Rescue Journal

So...speaking about animal communication....

Alison  ·  Oct. 19, 2006

it is not as far fetched as most would believe. You don't have to actually believe in the whole Dr. Dolittle thing, actual verbal conversations, or even mental ones either. But consider this...humans use approximently 10% of their brains...what is the other 90% for anyway. Even if you don't want to consider the possibilty that actual communication is possible...understanding certainly is.

Consider Phoebe, sitting at my feet, pawing at my leg, and making some pretty pathetic in-desperate-need noises. It does not take a rocket scientist to figure out that the little red miss wants up on my lap for a close and meaningful moment. She is saying in a way that I can understand that she needs some warm and fuzzy's. When I invite her up, she does the super sonic kissing thing and settles in my lap for a nap...communication successful.

Consider Carl following me around, looking wistfully over top of Petunia and then back at me. I would have to pretty dense not to get that a certain llama wants one (or ten) of the carrots on the shelf in Tunies stall.

When the sheep or donkeys are banging on the closed barn doors, it is not hard to figure out that they want in, and quickly too.
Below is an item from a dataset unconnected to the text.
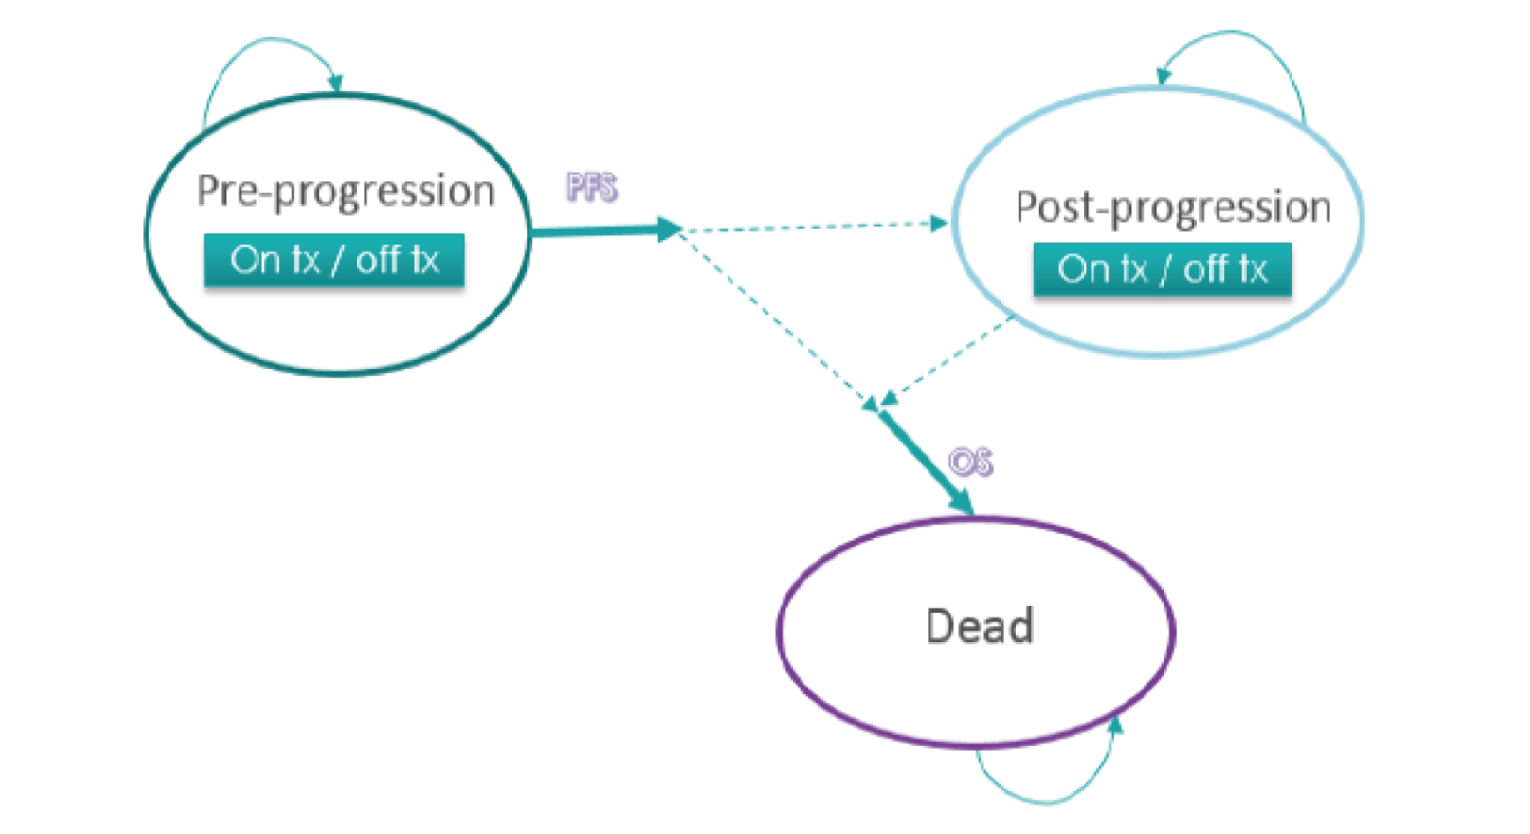 A 3-state model diagram with states “pre-progression (on treatment/off treatment)”, “post-progression (on treatment/off treatment),” and dead. Arrows connect the states to one another, and curved arrows describe transitions back into the same state.

Even subtle emotional messages are clear if we are paying attention. I watch moses fairly closely on our walks right now...I can see when he becomes a little bit confused and a tiny bit unsure and when i call him to me and touch him, I can also see him relax and become confident with who and where he is again almost instantly.

When all of the dogs sit in a half circle around me and their eyes follow the cookie in my hand, up to my lips and back down again, how hard is it to guess that they are very clearly saying that they want some too.

The dogs tell me every day that they want to go for a walk, I would have to be deaf and blind not to see it when they are knocking me over to squeeze thru the gate with me.

And these guys can all hear me too. Some sit when I say sit, some wait when I say wait, some actually do knock it off when I say knock it off. Most of them come when I ask them and ALL of them say yes when I ask them if they want a cookie.

These are all really obvious ways that all of us communicate back and forth with our animals. We communicate in ways we don't we know and understand too...thru body language, thru emotional energy and maybe even telepathically with our thoughts.. I believe that the animals talk to us constantly and I certainly talk back to them just as much. The question becomes, how much are we even willing to consider that we do communicate with them and on how deep a level? Spritely did tell me in the field that day that she could not walk, she did it thru nickers, and pawing at the ground and by her refusal to come when I called. She also did it by somehow sending her pain and distress out when I could hear it with something other than my ears and I understood almost instantly what she was saying.

I think we sell ourselves and the animals we love short when we put limits on just how far our ability to communicate with each other can go. I think it might only be limited by our very own self imposed limitations. Like everything else in life that we don't always understand, I do believe the possibilities are endless. That is why life at SAINTS for me is such an wonderful adventure, because each and everyone of them has something really interesting to say every day.

Comments

Janice

an excerpt from my website:

Willy taught me many things about life and one thing for sure is that they do understand everything we say to them. It is my belief as humans because they do not respond with a human characteristic it is thought by many they don't get it. I can remember as a child picking a kitten from a litter and being so absorbed with my little kitty I never gave the mother a thought. How is it that I never once considered her feelings as I stole one of her babies? I guess because she never let out a scream with outreached arms begging me not to take her baby. Willy is a good teacher.